Before the Apollo name became associated with AI and GPUs, its purpose was high-performance computing: packing as many CPU cores as possible into a rack and wiring them together with a fast interconnect so they could work as one large machine. That HPC role is alive and well for UK research groups, engineering and simulation teams, and anyone running tightly-coupled parallel workloads. This is a look at the Apollo as an HPC compute building block, the cores, the fabric that joins them, and the power and cooling density that determines how much you can actually fit in a rack, rather than as an AI or GPU platform.
HPC is about cores per rack, joined as one
High-performance computing solves large problems by splitting them across many CPU cores running in parallel, from weather and fluid-dynamics simulation to molecular modelling and engineering analysis. The unit of value is therefore aggregate cores, and how efficiently they can be packed and powered. The Apollo HPC design exists to maximise that: a shared multi-node chassis holds several densely-built compute nodes, sharing power and cooling infrastructure to fit far more cores per rack than discrete 1U servers would.

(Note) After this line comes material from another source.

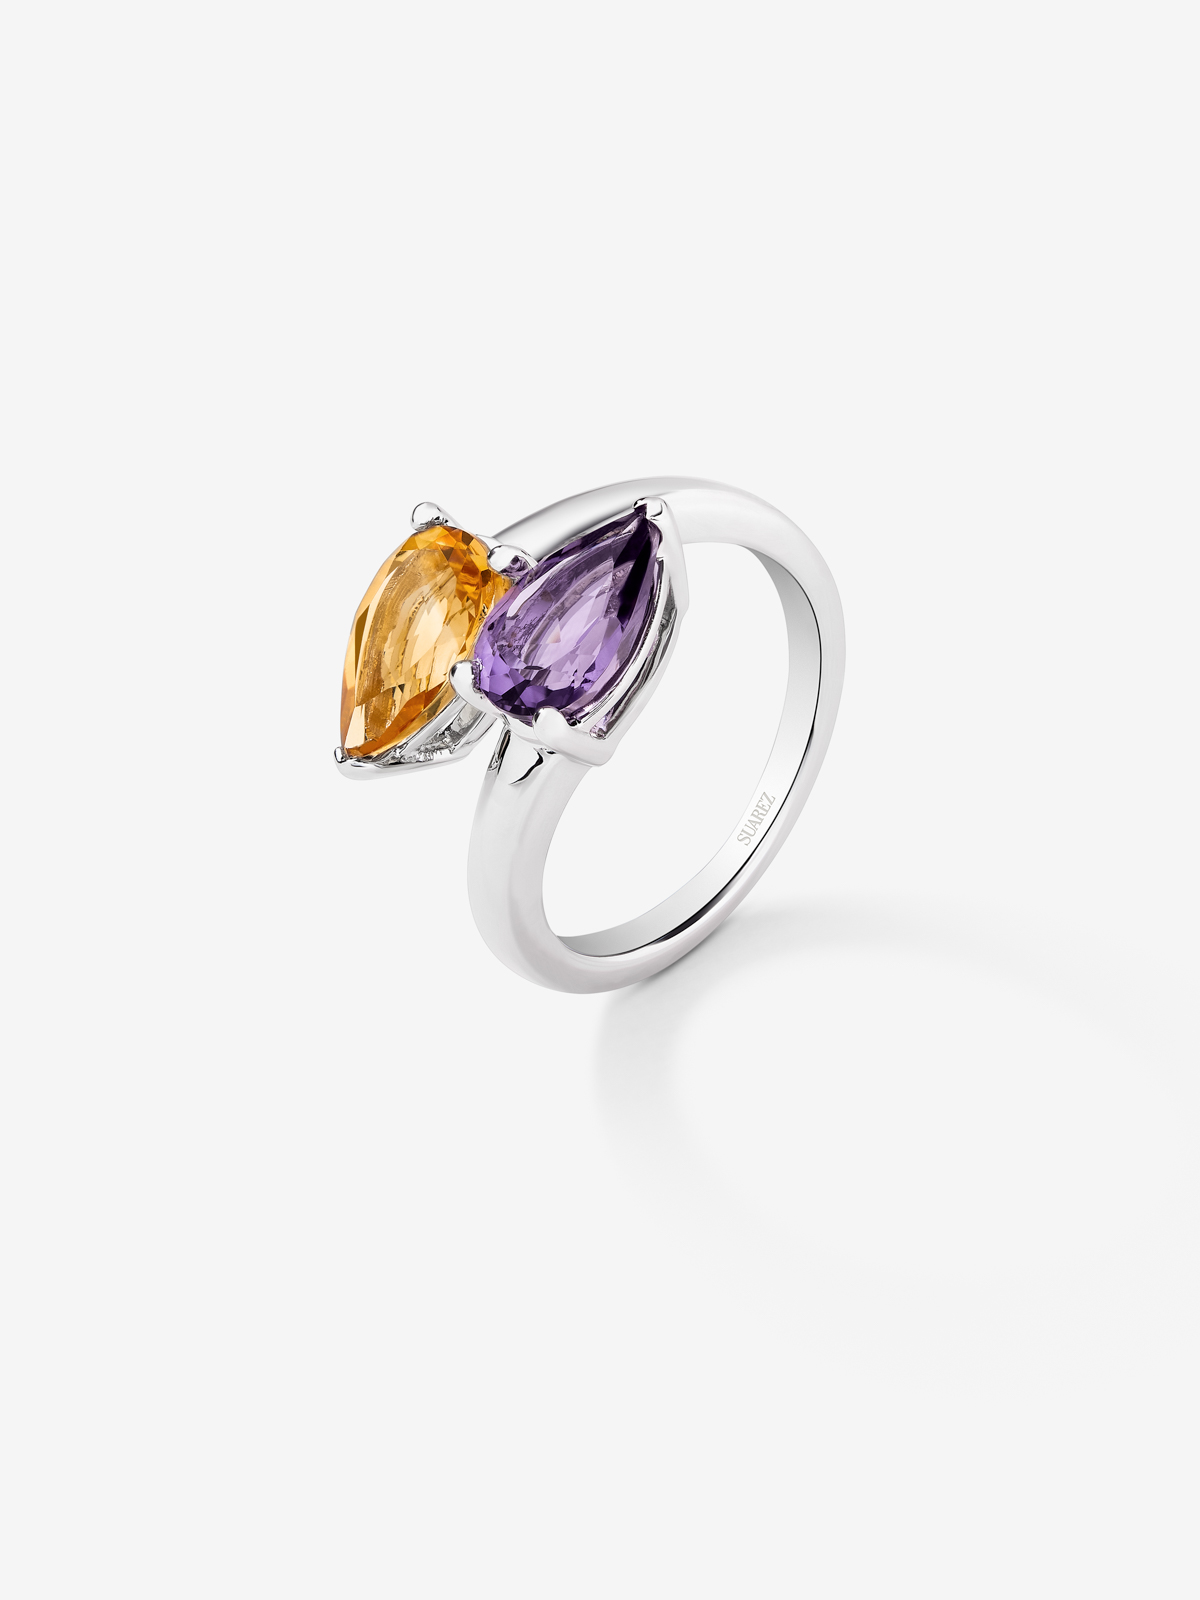 Tu and I of 925 silver ring with 1.32 cts citrine quartz and 1.28 cts purple amethyst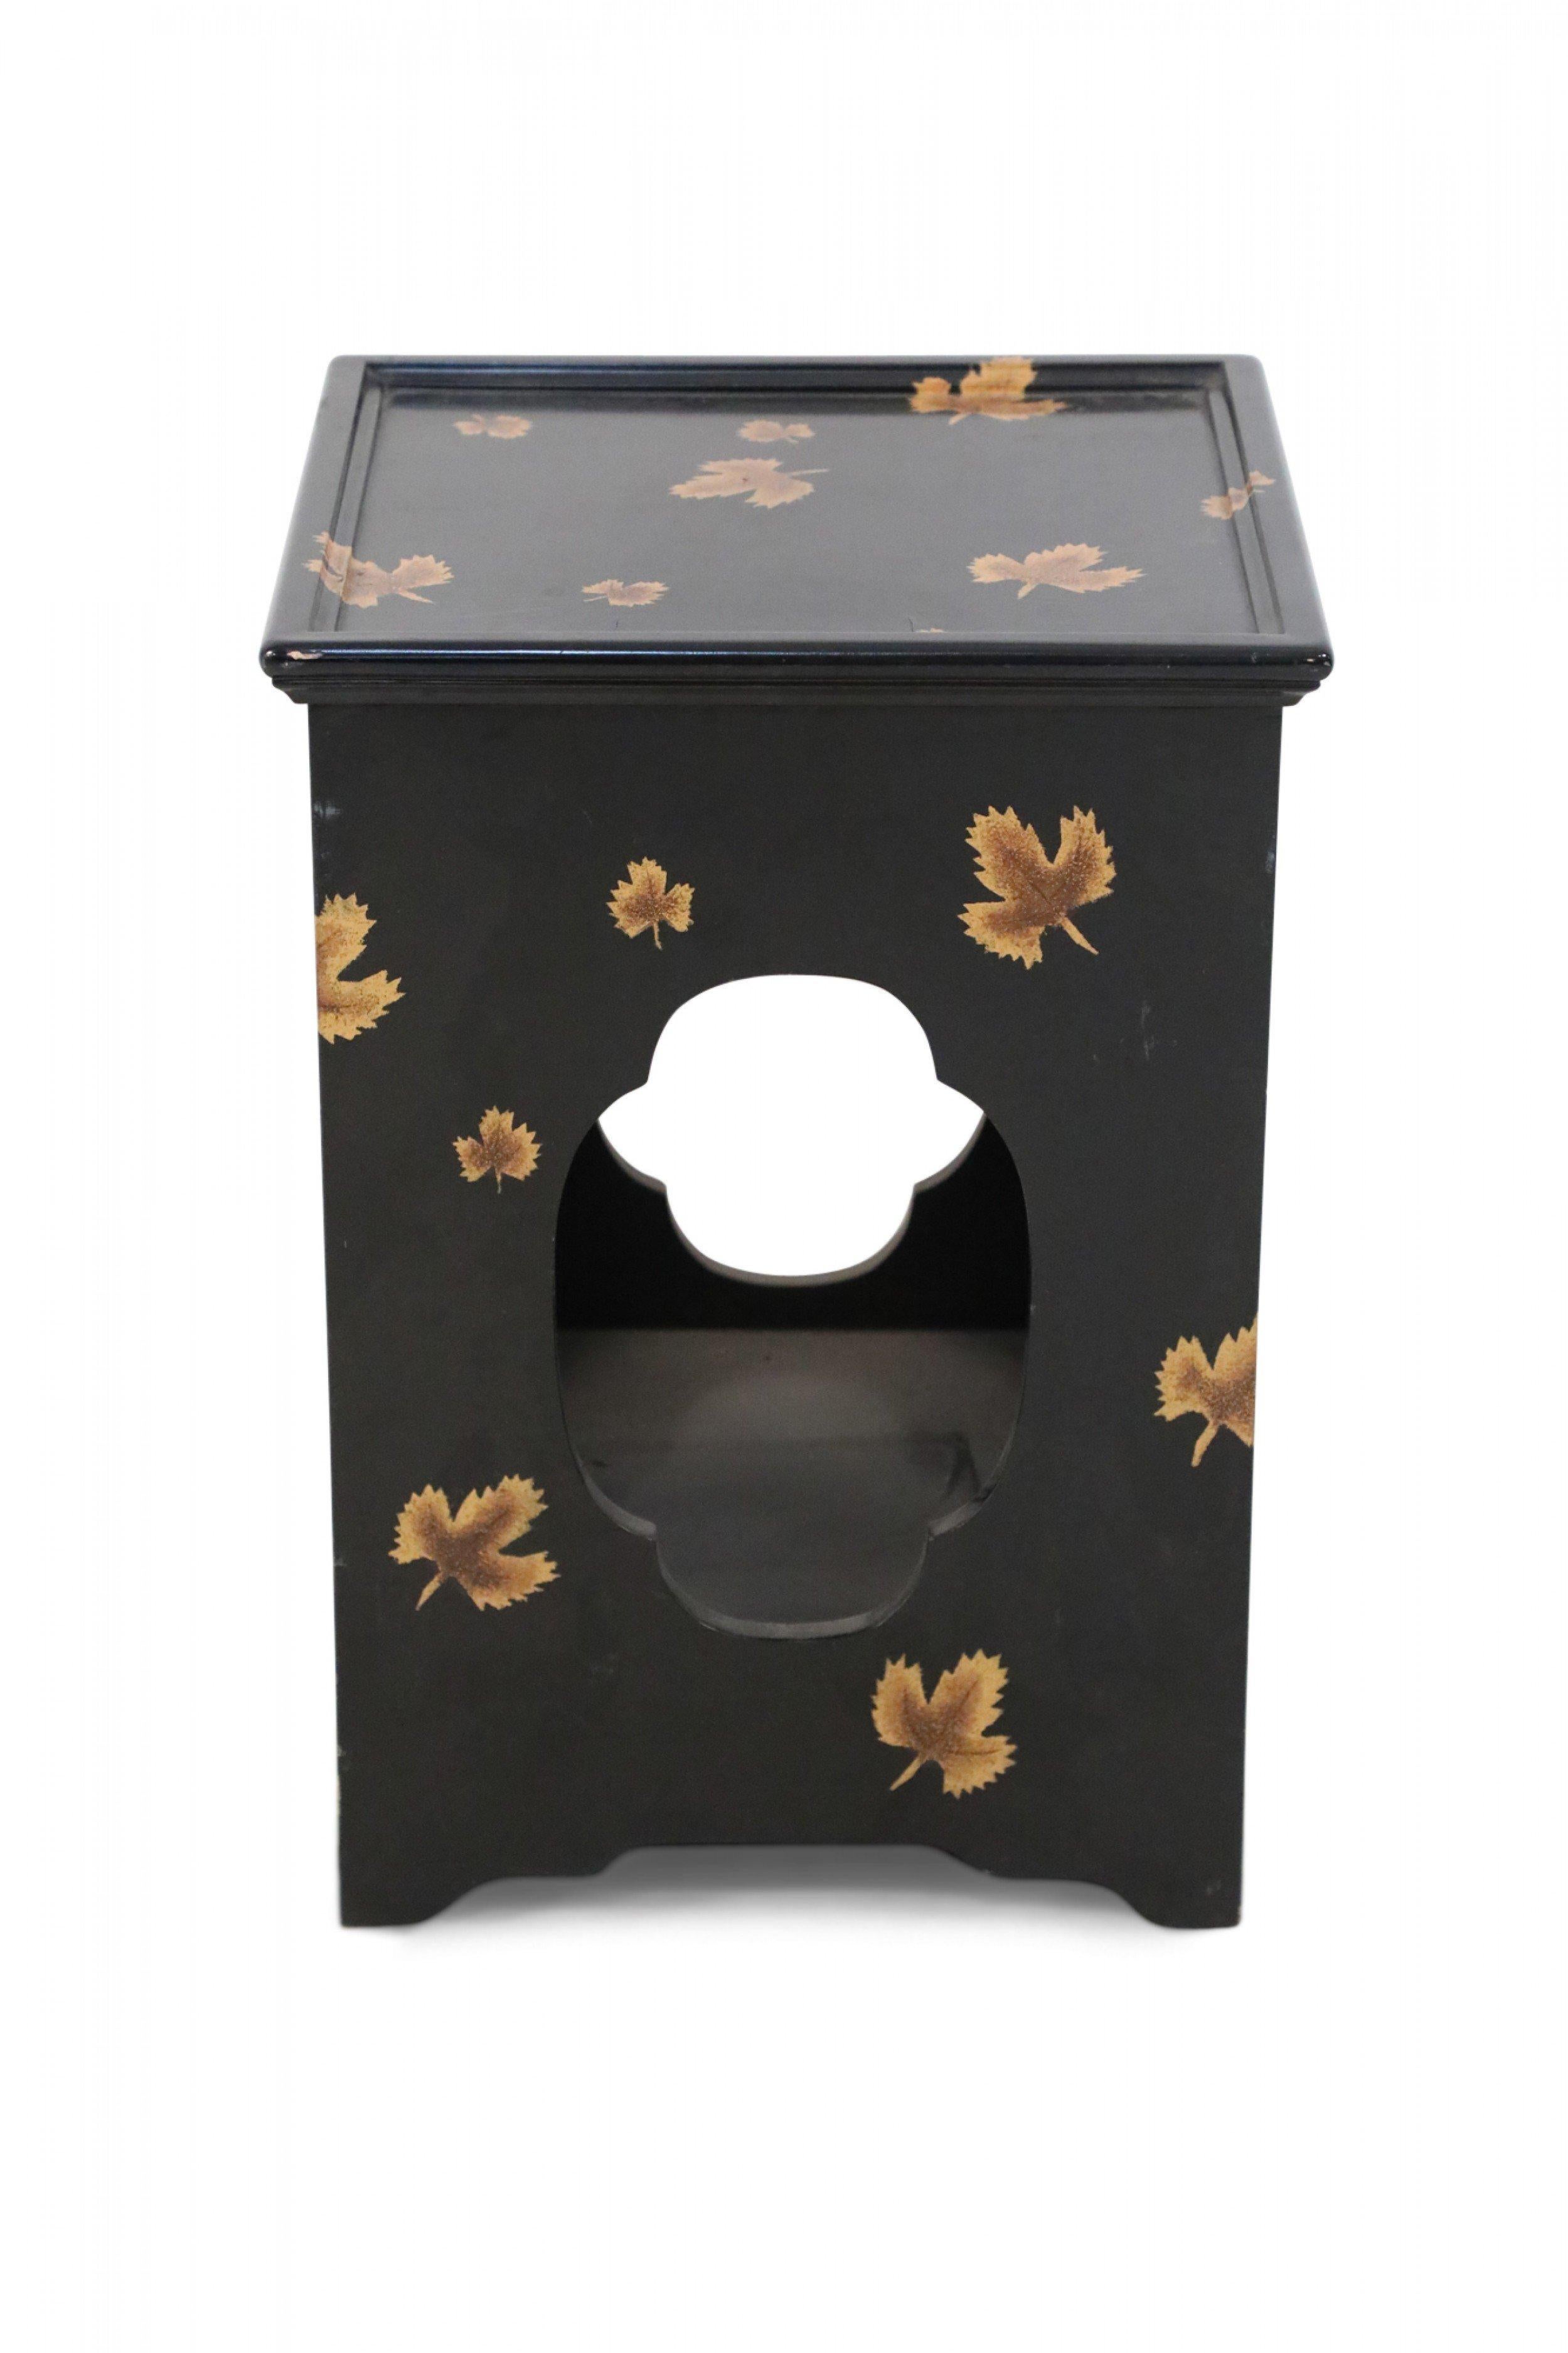 Lacquered Contemporary Chinese Black and Leaf Motif Square Side Tables For Sale

That density is the dividing line from a general-purpose box. A standard rack server is provisioned to stand alone; an Apollo HPC node is one of many in a chassis, stripped to compute and engineered for population at scale. It is the same family logic as the rest of the HPE Apollo range, applied to CPU cores rather than disks or GPUs, and distinct from how a standalone HPE server is specified.
Choosing the processors
In an HPC node the processor choice is the heart of the decision, and it is not always more cores at any cost. Tightly-coupled parallel codes care about the balance of core count, per-core clock and, very often, memory bandwidth, because many scientific workloads are limited by how fast data reaches the cores rather than by compute alone. High-core-count parts from modern Intel Xeon and AMD EPYC lines suit throughput-heavy, embarrassingly-parallel work; higher-clock parts can win for codes sensitive to per-core speed.
Memory bandwidth deserves particular attention, because an HPC node that is starved of memory throughput wastes the cores you paid for. Populating all memory channels evenly to reach the platform's full bandwidth is as important as the core count itself. Matching the processor and memory layout to the specific class of code is exactly the kind of decision we work through using our processors guidance rather than defaulting to the biggest part on the list.
- •Aggregate cores per rack is the HPC unit of value, not single-node spec
- •Balance core count against per-core clock for the workload class
- •Memory bandwidth often limits scientific codes more than raw cores
- •Populate every memory channel evenly to reach full platform bandwidth
The interconnect is half the machine
A cluster is only as good as the network joining its nodes, because parallel codes constantly exchange intermediate results, and the speed of that exchange often determines overall performance more than any single node's power. This is the interconnect, and for HPC it generally takes one of two forms. InfiniBand offers very high bandwidth and very low latency and has long been the default for tightly-coupled, latency-sensitive parallel work. High-speed Ethernet, increasingly with RDMA, is a capable and often more familiar alternative, particularly where workloads are less latency-bound or where an organisation prefers a single network technology.
The choice depends on how tightly coupled the codes are: latency-critical MPI workloads lean toward InfiniBand, while more loosely-coupled or throughput-oriented jobs can run very well on RDMA Ethernet. Either way, the fabric is a first-class design decision, not an add-on, and the head node and storage nodes hang off that same fabric. We size the interconnect alongside the compute, drawing on our processors and platform expertise so the network does not become the bottleneck the cores then wait on.
Power and cooling set the real limit
The reason density is an engineering decision and not just a marketing number is that power and cooling, not physical space, are usually what cap how many nodes you can run. Packing many high-core-count CPUs into a chassis concentrates a great deal of power, and therefore heat, into a small footprint, and a rack can only deliver and remove so much.
So an honest HPC design works within a power-and-cooling envelope: how many kilowatts the rack can supply, and how that heat is removed, whether by high-airflow cooling or, at higher densities, by liquid cooling. The shared-infrastructure chassis is efficient precisely because it pools power and cooling across nodes, but the rack-level budget still sets the ceiling. Planning the node-in-chassis-in-rack power envelope up front is part of designing a workable Apollo cluster rather than discovering the limit after installation.
Building the cluster
A complete HPC cluster is more than compute nodes: it is the dense Apollo compute, joined by the chosen interconnect, served by a head or login node that schedules and manages jobs, and backed by storage nodes that feed data to the computation. The Apollo provides the compute building block at the centre of that picture, and the design exercise is sizing each part so they are in proportion, enough storage bandwidth and network capacity to keep the cores busy.
For UK research and engineering teams, that makes the Apollo a natural foundation for on-premises HPC where data residency, sustained utilisation or cost favour owning the cluster over renting cloud capacity. We design the whole system, compute, fabric, head and storage nodes, within the power envelope, drawing the compute from the HPE Apollo range and the processors from our processors guidance, alongside the rest of our HPE servers portfolio.